■ **Task goal**:
When you return the data, keep every line exactly as it is and leave out the pictures.

■ **Dataset content**:

━━━

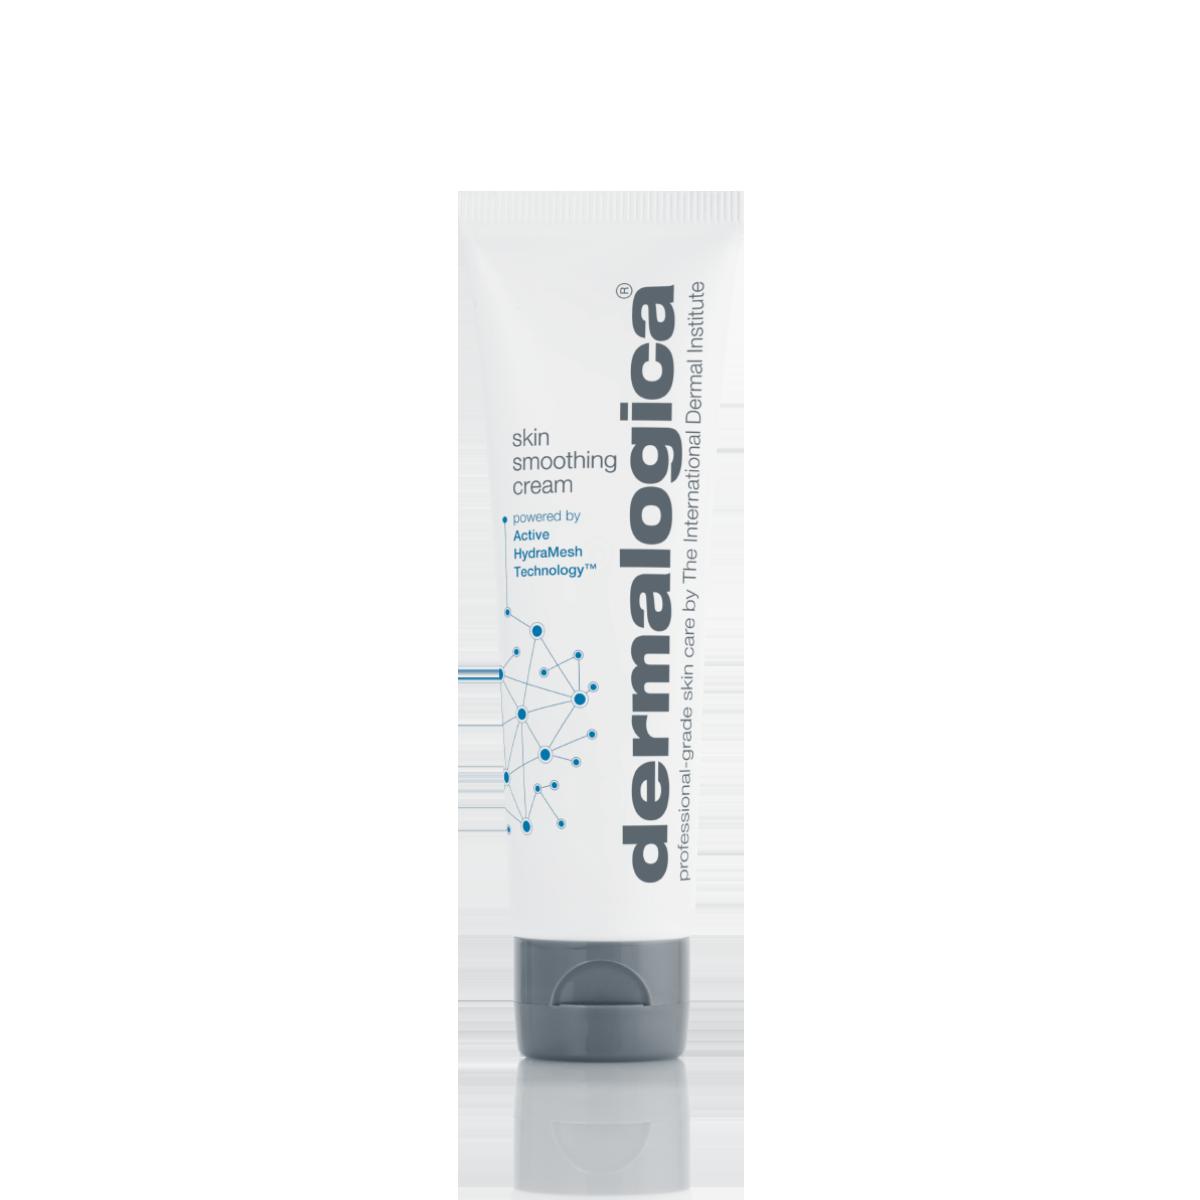 Skin Smoothing Cream 2.0 - 50ml-1
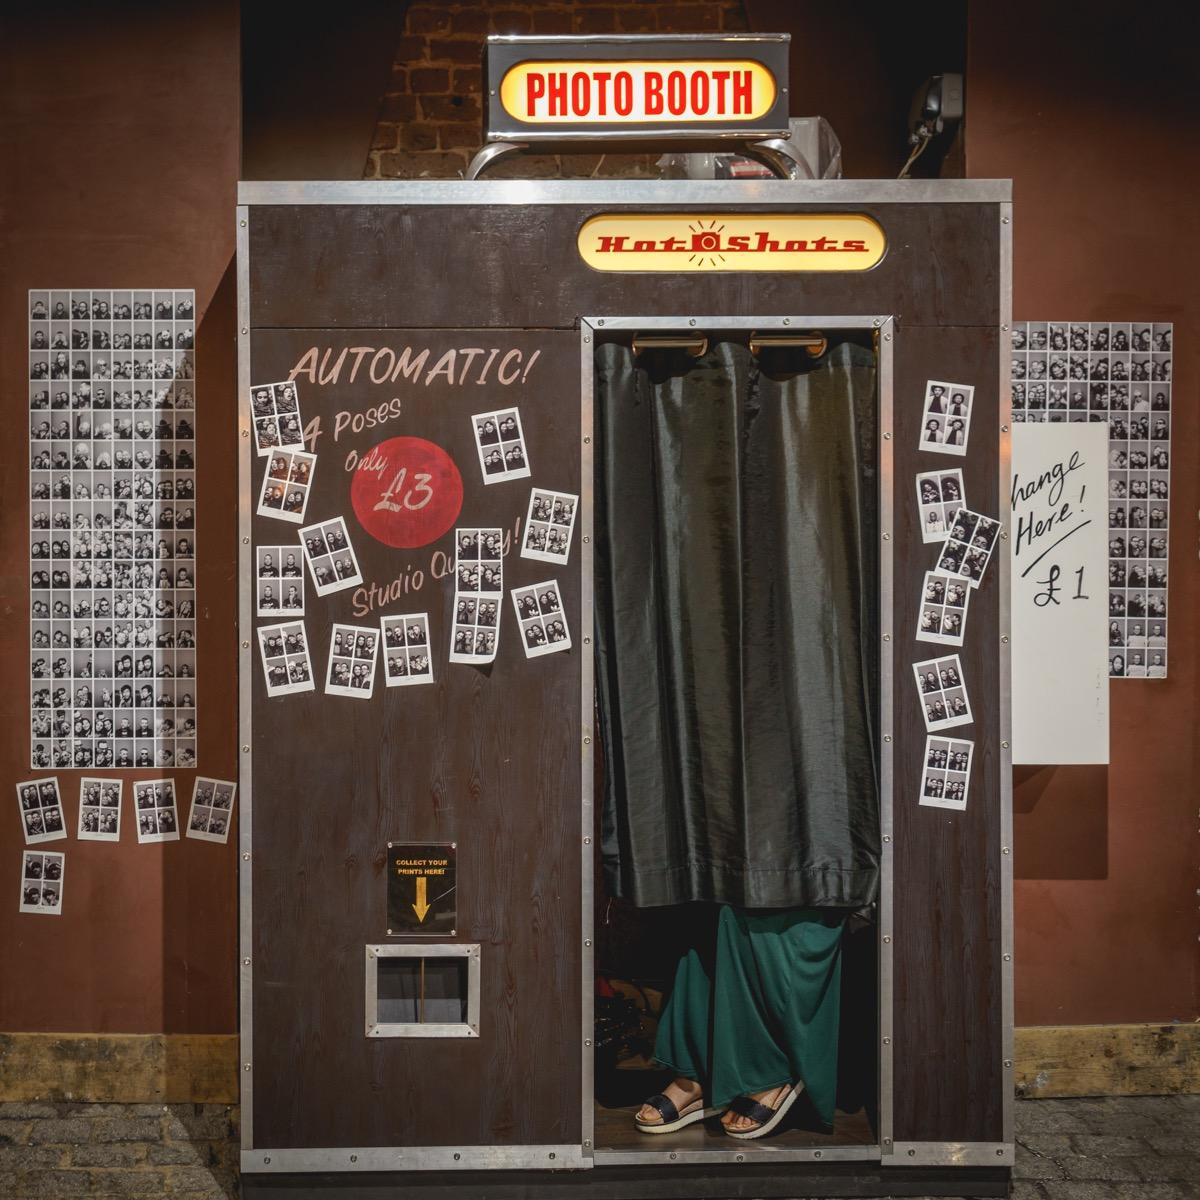 old photo booth, 1970s nostalgia
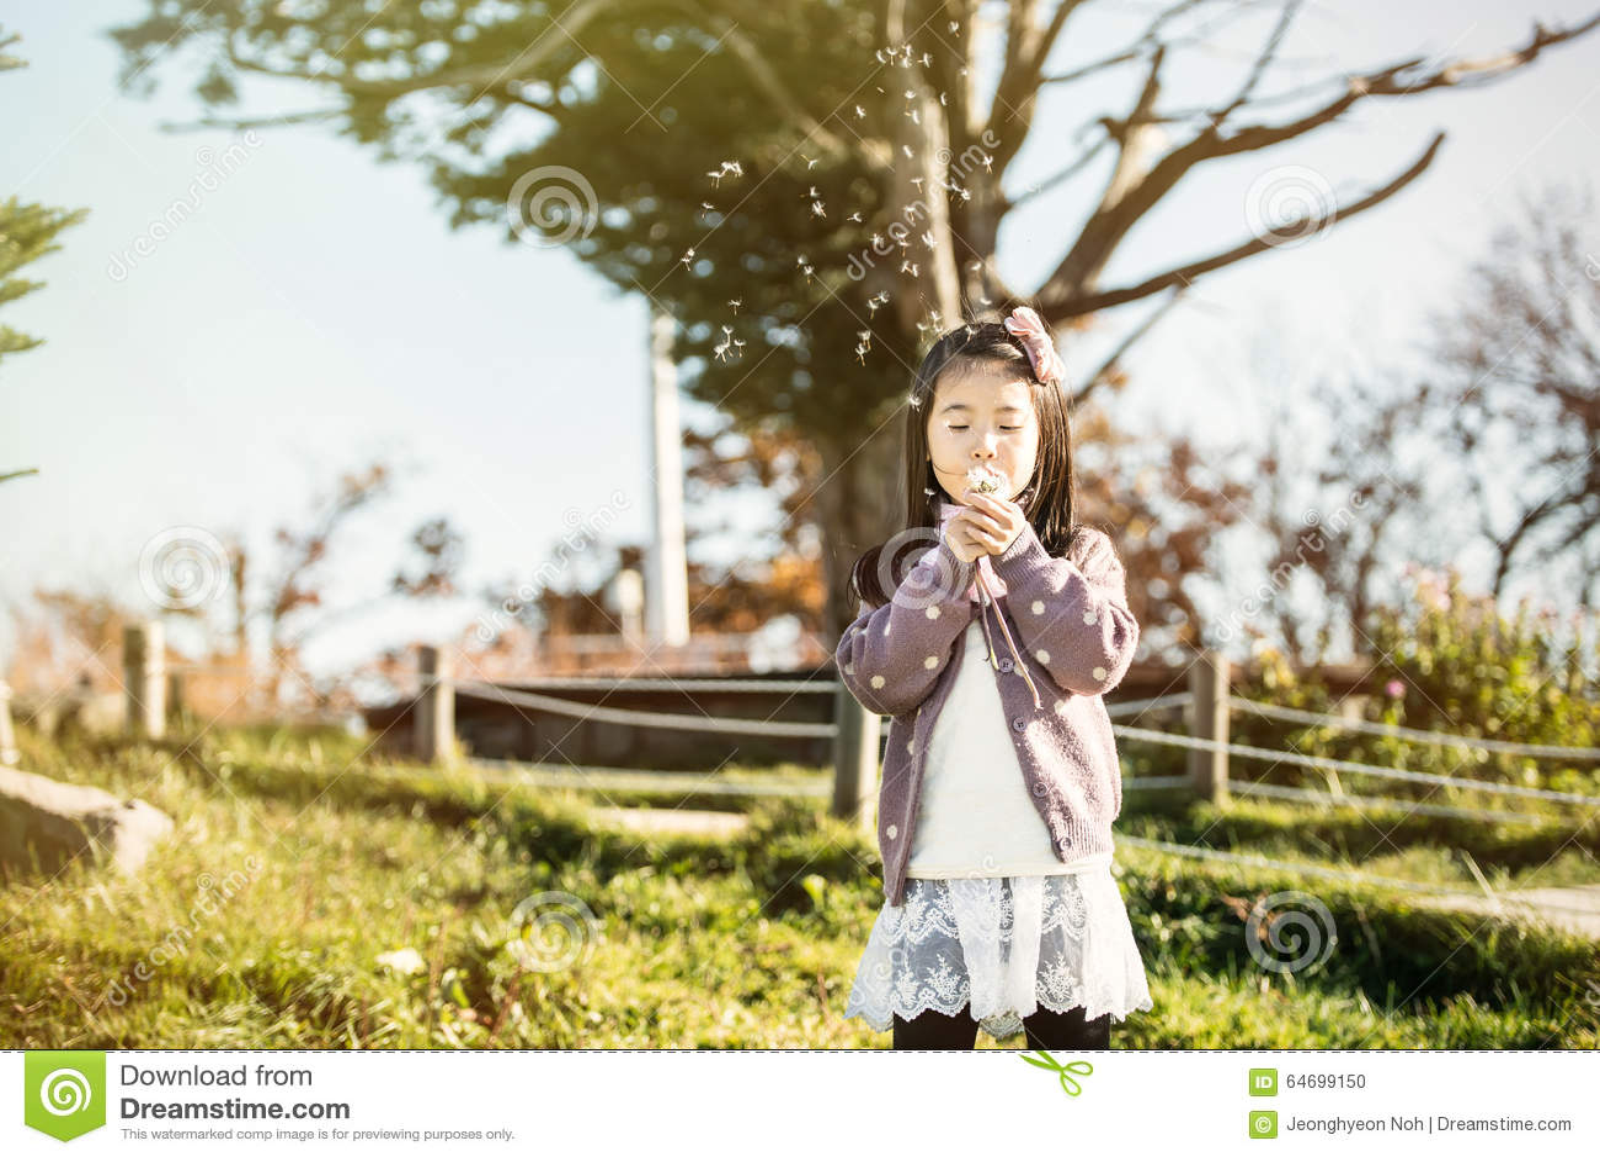 Il bambino che soffia un dente di leone in un parco

━━━

■ **Response to the task**:
 Skin Smoothing Cream 2.0 - 50ml-1
 old photo booth, 1970s nostalgia
 Il bambino che soffia un dente di leone in un parco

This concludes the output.